Eval(name, config) — Braintrust-parity primitive
const result = await Eval("email-eval", {
data: [{ input: ..., expected: ... }, ...],
task: async (input) => myAgent.run(input),
scores: [new Factuality(), new AnswerRelevancy()],
});
console.log(result.summary);Run a task per row in parallel, score each result, aggregate per scorer.

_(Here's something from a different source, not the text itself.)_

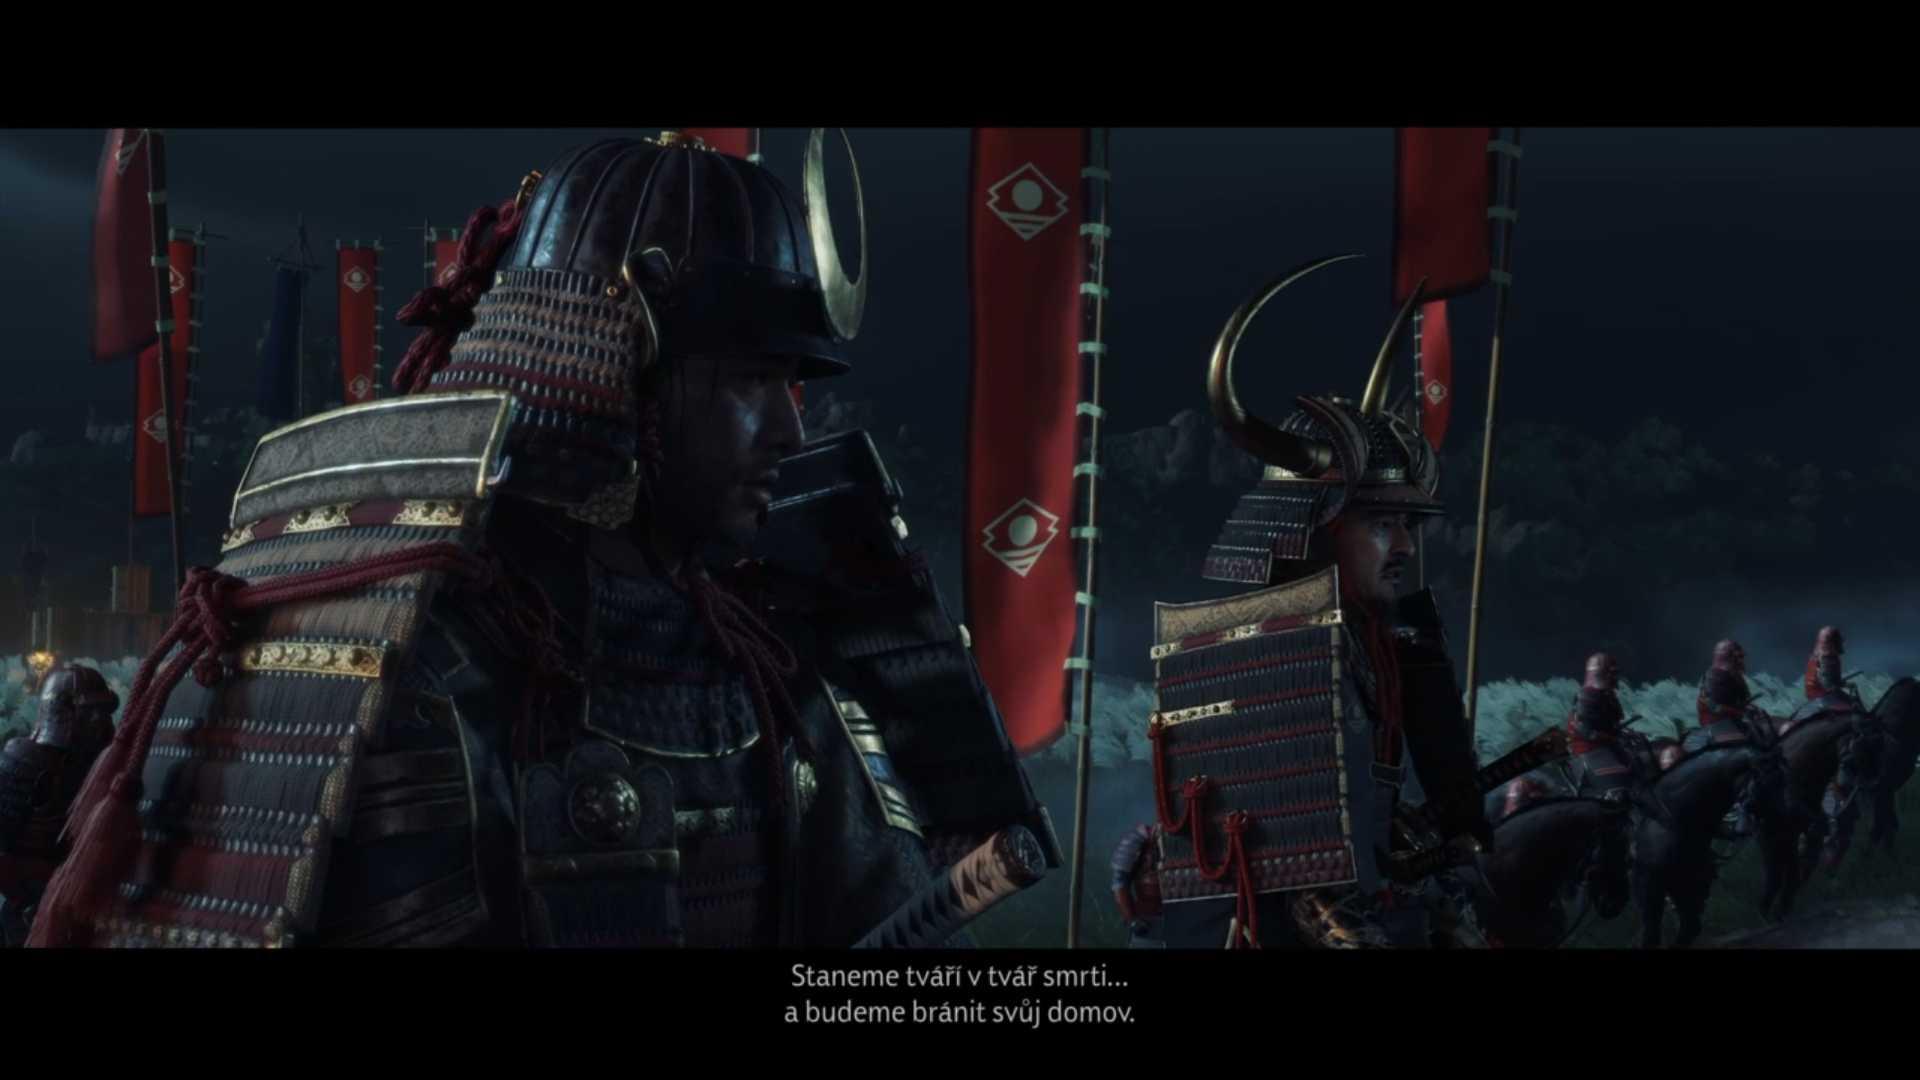 Samuraji sa postavia Mongolom už v úvode hry. Konfrontácia však nedopadne v ich prospech.
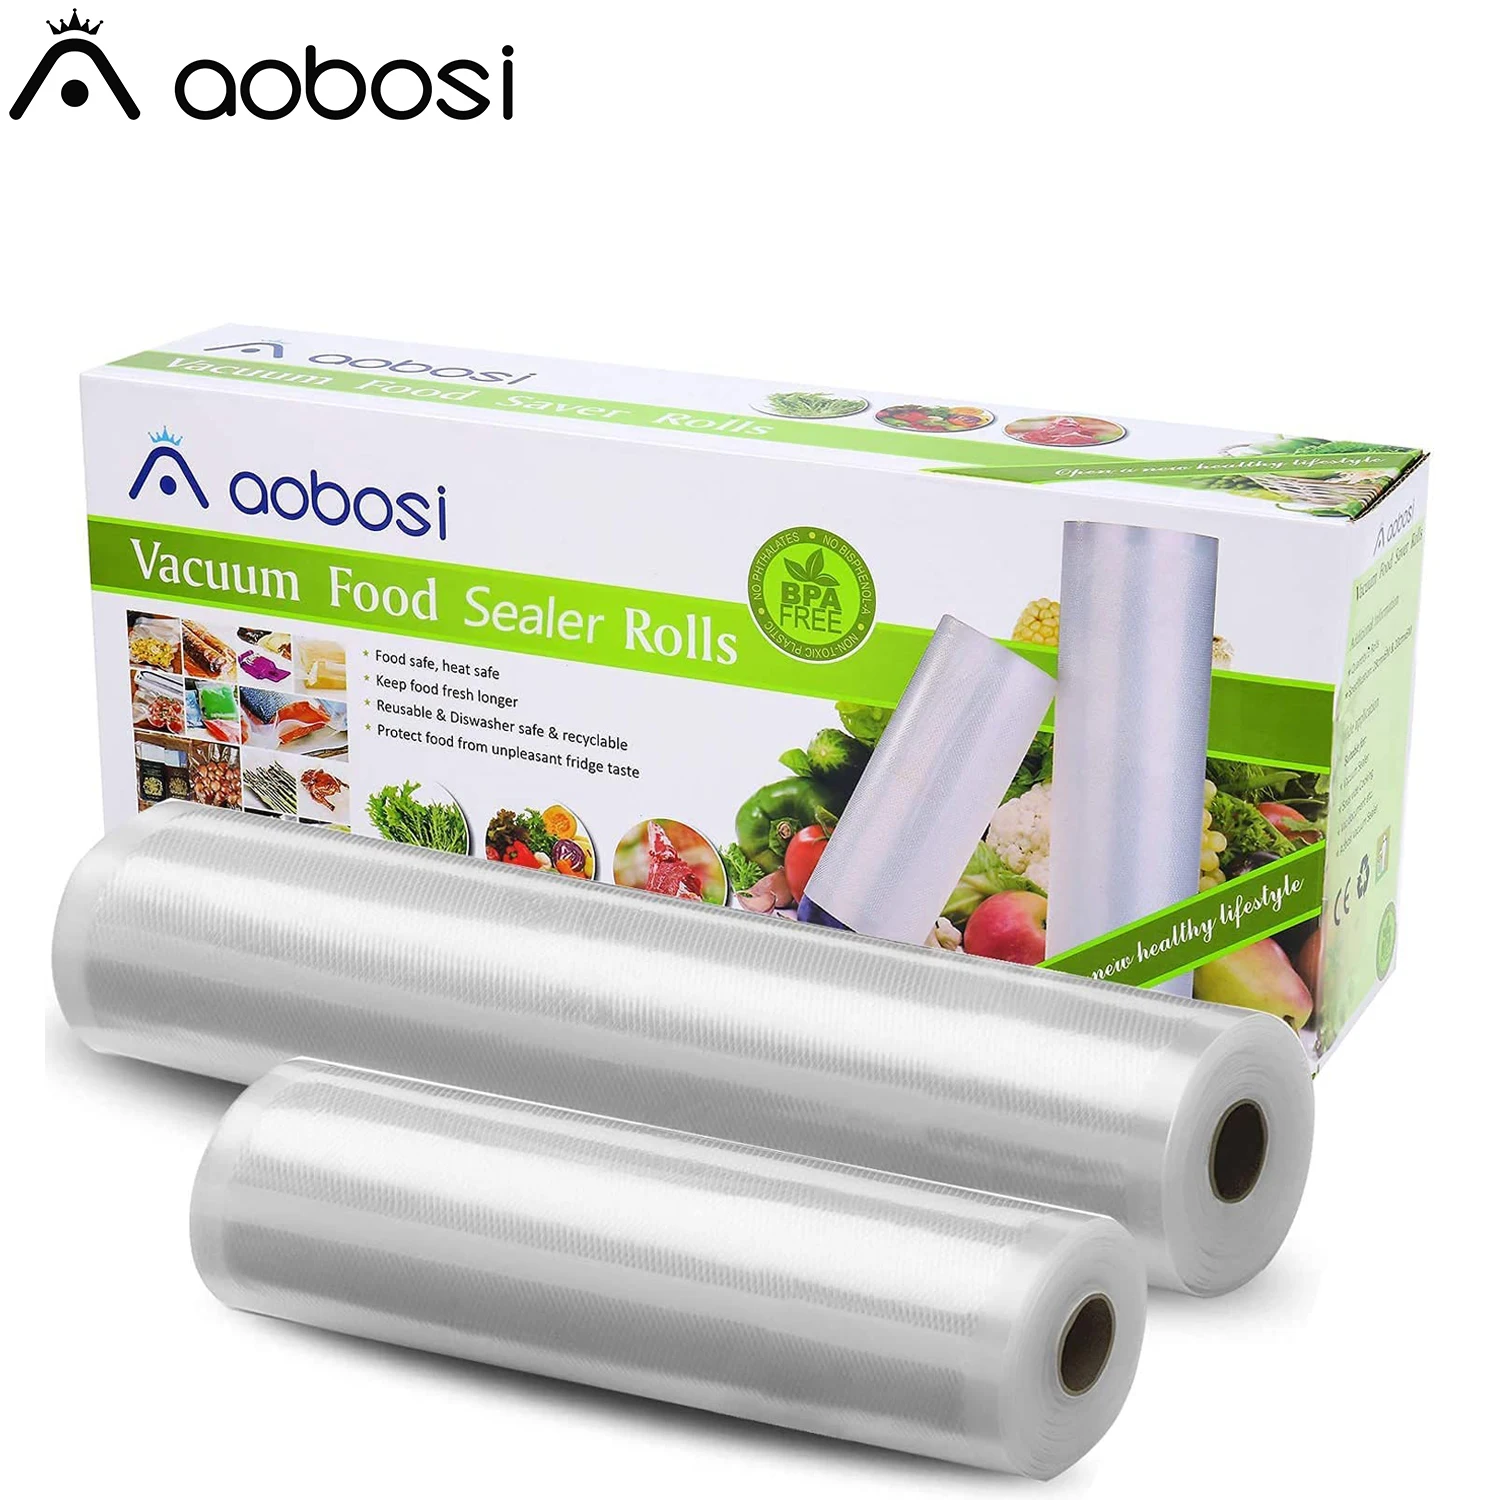 

Aobosi BPA Free Vacuum Sealer Bags Vacuum Food Sealer Rolls LFGB Approved Food Storage Bags 2 Pack Roll 28x600 cm & 20x600

If KEYSTONE_API_KEY is set, results also post to the dashboard.
Errors
Every SDK surfaces non-2xx responses as a typed error:
| Language | Type |
|---|---|
| TS / Python | KeystoneError (with statusCode) |
| Go | *APIError (with StatusCode) |
Most operations include the server's error message in the exception. For 503s ("at capacity"), implement a short retry loop with jitter — the platform is back-pressuring, not refusing.
Authentication
All requests use Authorization: Bearer <api-key>. Keys are tenant-scoped:
| Key prefix | Means |
|---|---|
ks_live_ | Tenant-issued production key. Full account access. Rotate via the Dashboard. |
ks_sb_ | Sandbox-scoped token. Authorized only for one sandbox's resources. Auto-injected into the agent process; safe to log. |
Use ks_live_ keys from your application code; ks_sb_ is what the SDK sees inside a sandbox.